Mollusks in the Air by Julie Flattery

My dad and I are sitting at this bistro table in the sky having a great conversation—a really lovely time. I’m not eating or drinking anything, but he’s eating a bowl of steamed mussels that appears to be bottomless. He’s making no headway whatsoever.

Eating seems like the wrong word because he’s actually chowing down on them like there’s no tomorrow, which there isn’t, for him at least, because he’s dead. He’s been dead for years, but he showed up in my dream to say hi and eat these mussels. He’s talking with his mouth full, which is ironic to me because he was always very strict about table manners. I guess all decorum subsides in the afterlife since he really does seem more laidback.

There’s nothing around us at all. Just the bistro table, the bowl of mussels, and a pile—and I do mean pile—of mussel shells stacking up next to us. We always did love a good mollusk, my dad and I. The smell of the sea at low tide with a hint of wine was overwhelming in a good way. So much so that I didn’t need to eat any myself, although there were plenty. Instead, I just took in the odor, which my dad seemed oblivious to.

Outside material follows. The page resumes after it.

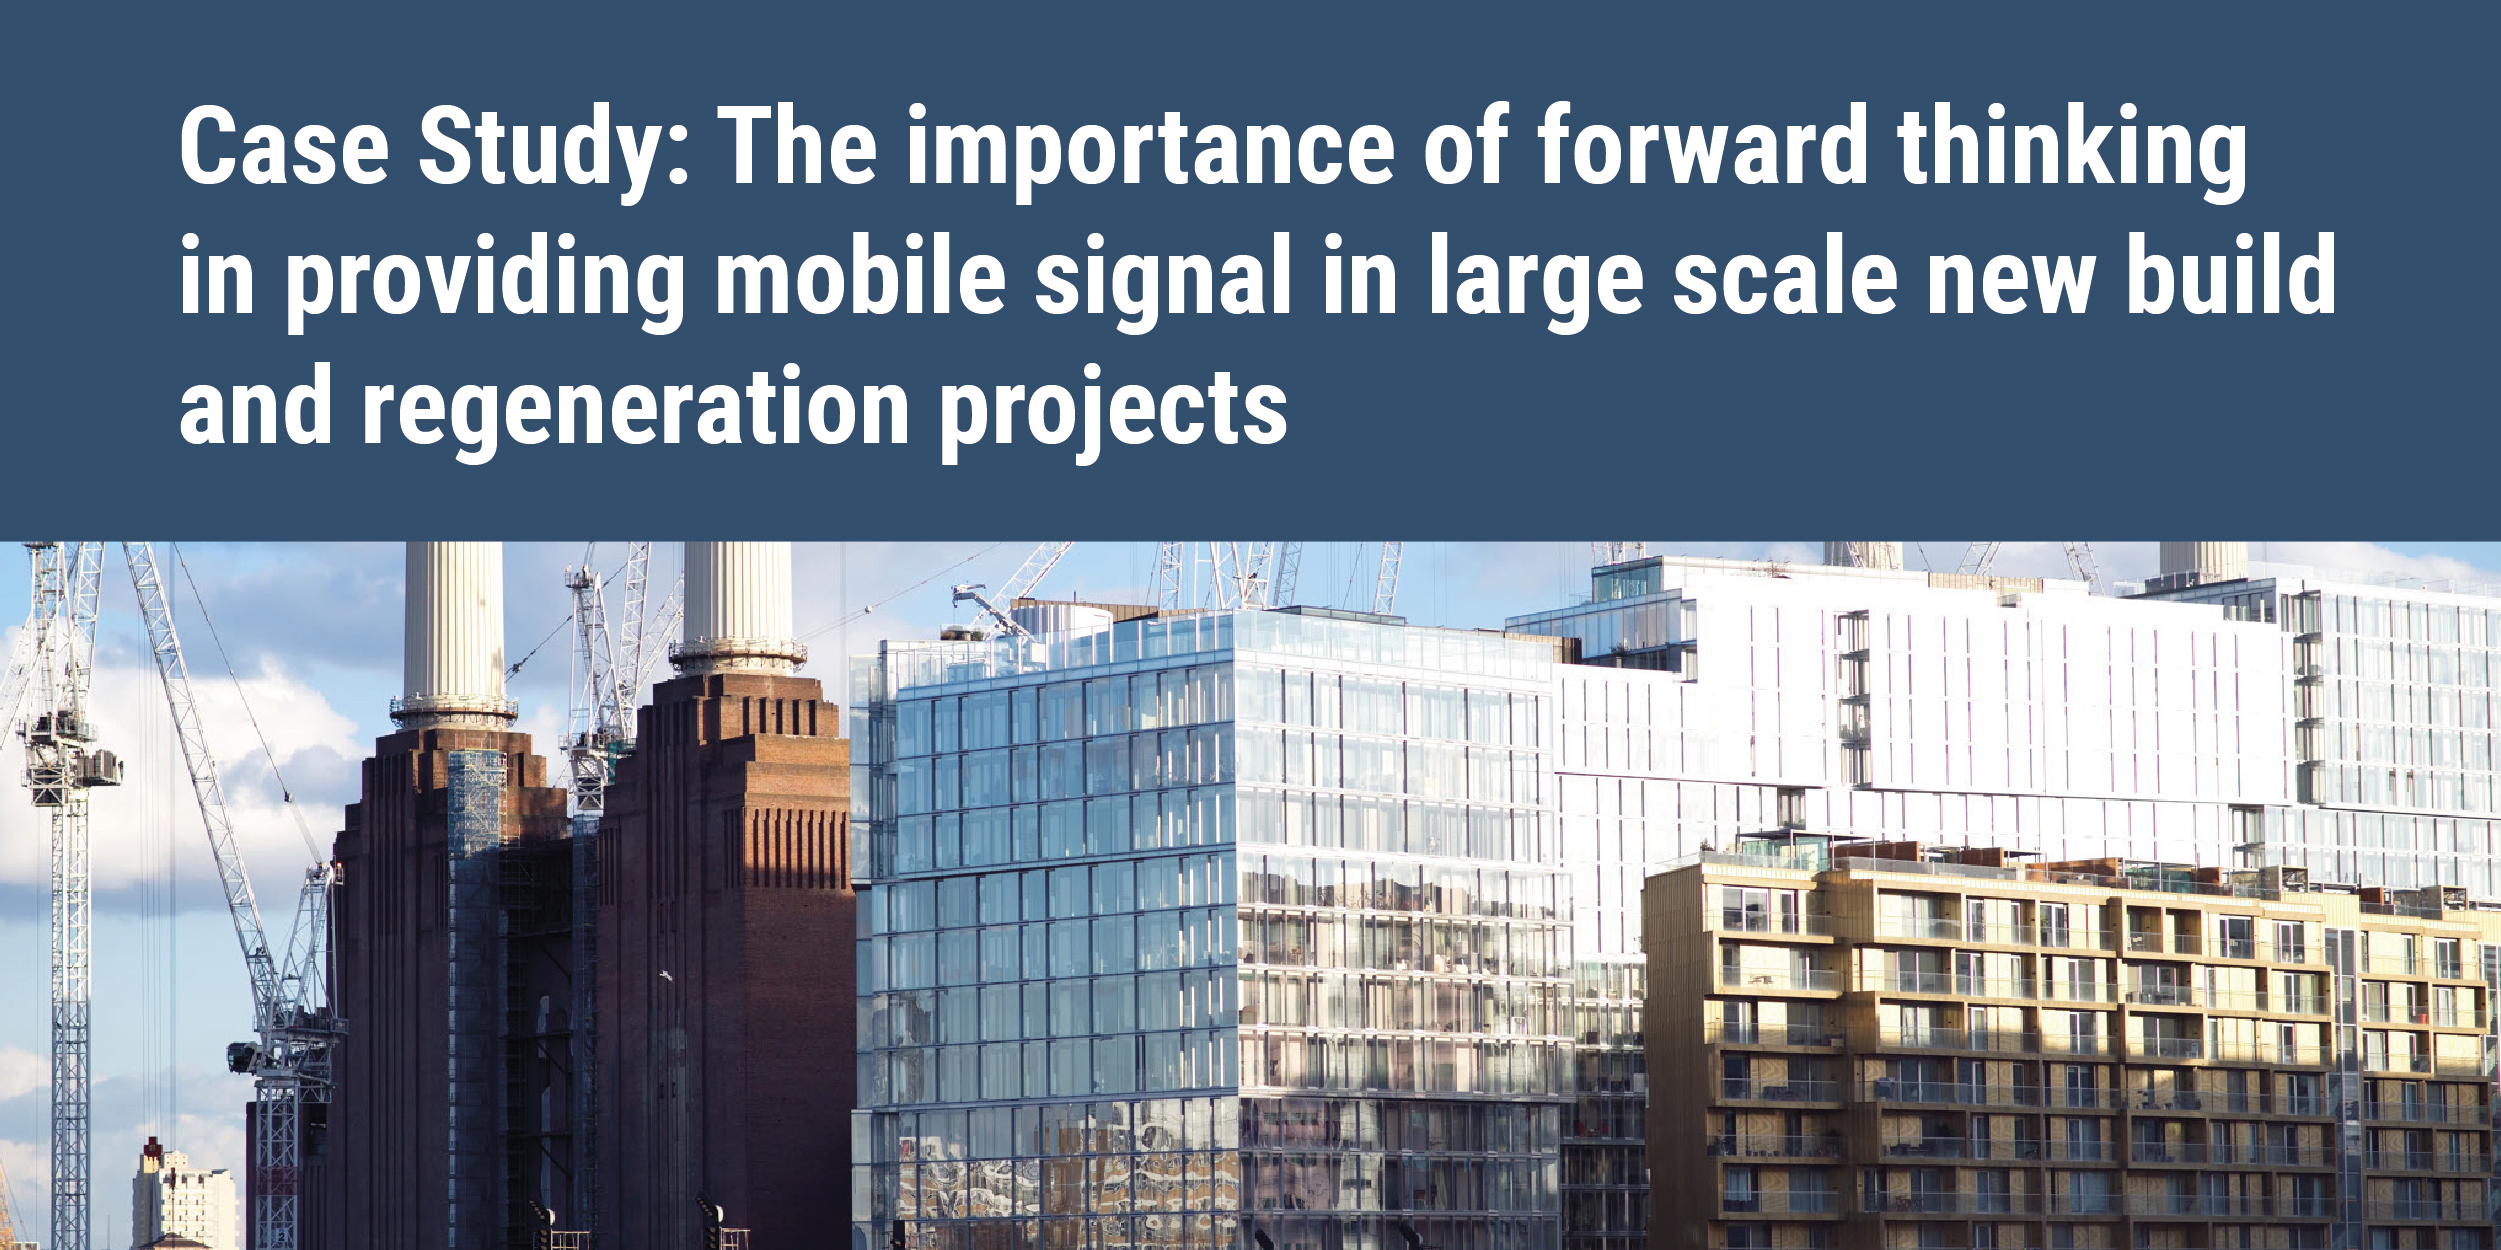 The importance of forward thinking in providing mobile signal in large scale new build and regeneration projects

We’re chit-chatting back and forth in a lively and animated fashion. I’m talking really fast because I’m not sure how much time we have to visit. Everything seems big—my dad’s gestures and the way his voice sounds loud and enthusiast when I tell him about my life, responding with things like: Wow!  Or, I’m so proud of you! I’m really just hitting the high points because I figure he already knows everything although I admit, I’m not really sure how this whole afterlife thing works. Mostly, I just want to know about the dimes.

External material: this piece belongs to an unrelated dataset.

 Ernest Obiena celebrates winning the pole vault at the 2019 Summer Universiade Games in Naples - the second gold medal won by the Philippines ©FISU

For years I’ve been finding dimes in random places like on my car windshield, or under my yoga mat at the studio, or on my mantel in the living room. One day, after going through security at the airport, a dime rolled on its side from across the room and landed at my feet. There was only two other people in the vicinity at the time, and they assured me that it wasn’t their dime. So, I started saving them. Because of the oddity of the situation, I figured it meant something. I have a pickle jar full of dimes now. Then I read a book about the ways our people let us know they’re still around when they die and one of the ways was, you guessed it, leaving dimes. Mind blown!

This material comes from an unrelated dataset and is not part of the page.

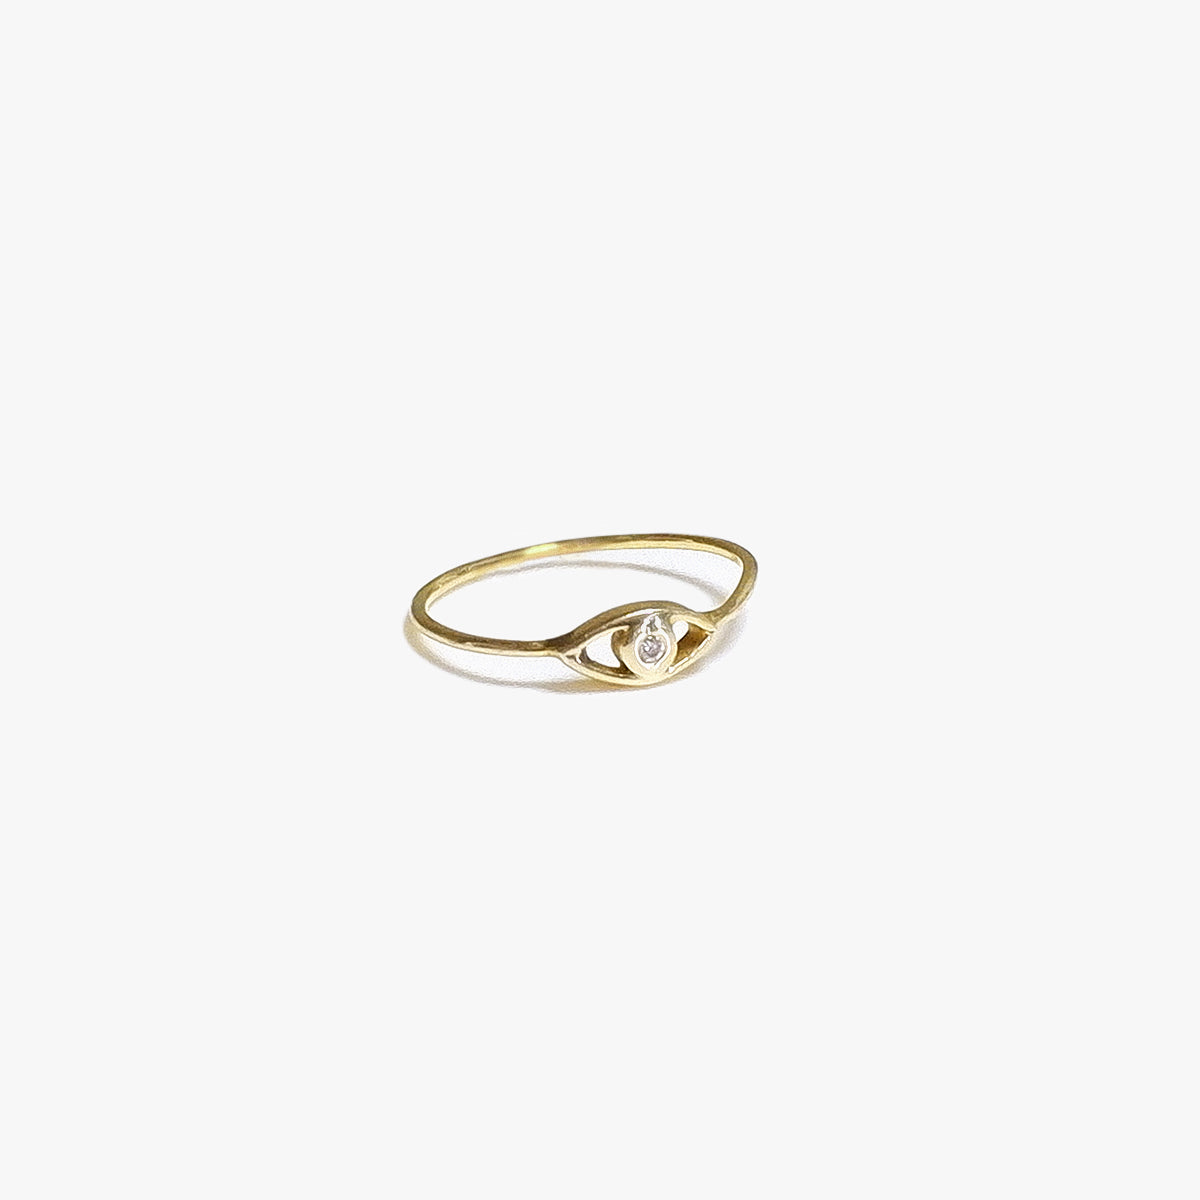 The Evil Eye Diamond Ring in Solid Gold

Hey, dad. Have you been leaving dimes around for me?

He looks me right in the eye for a second with a sly little smile on his face, which seems to be fading, like someone over-photoshopped his cheeks. Then he apologizes. I’m sorry, sugar, I don’t mean to be rude, I know I’m really devouring these mussels, but they don’t have them where I live now and I really miss them.

Then he disappears without any pomp and circumstance and there’s nothing in front of me but an empty bowl.

Maybe I’ll dream up some clams for our next visit! In my dream I’m yelling this into the ether but in reality, I’m talking in my sleep, which wakes me up.

As I climb out of bed, I notice a dime on my nightstand and the sweet smell of steamed mussels permeating the house.

Julie Flattery loves dogs, yoga, hiking, and writing and also enjoys collecting dimes. Her work has been published or is forthcoming in Red Fez, Emerge Literary Journal, Brevity’s Nonfiction Blog, and Meat for Tea. Six of her plays have been performed at the iDiOM theater in Bellingham, WA. She writes professionally about architecture and building design.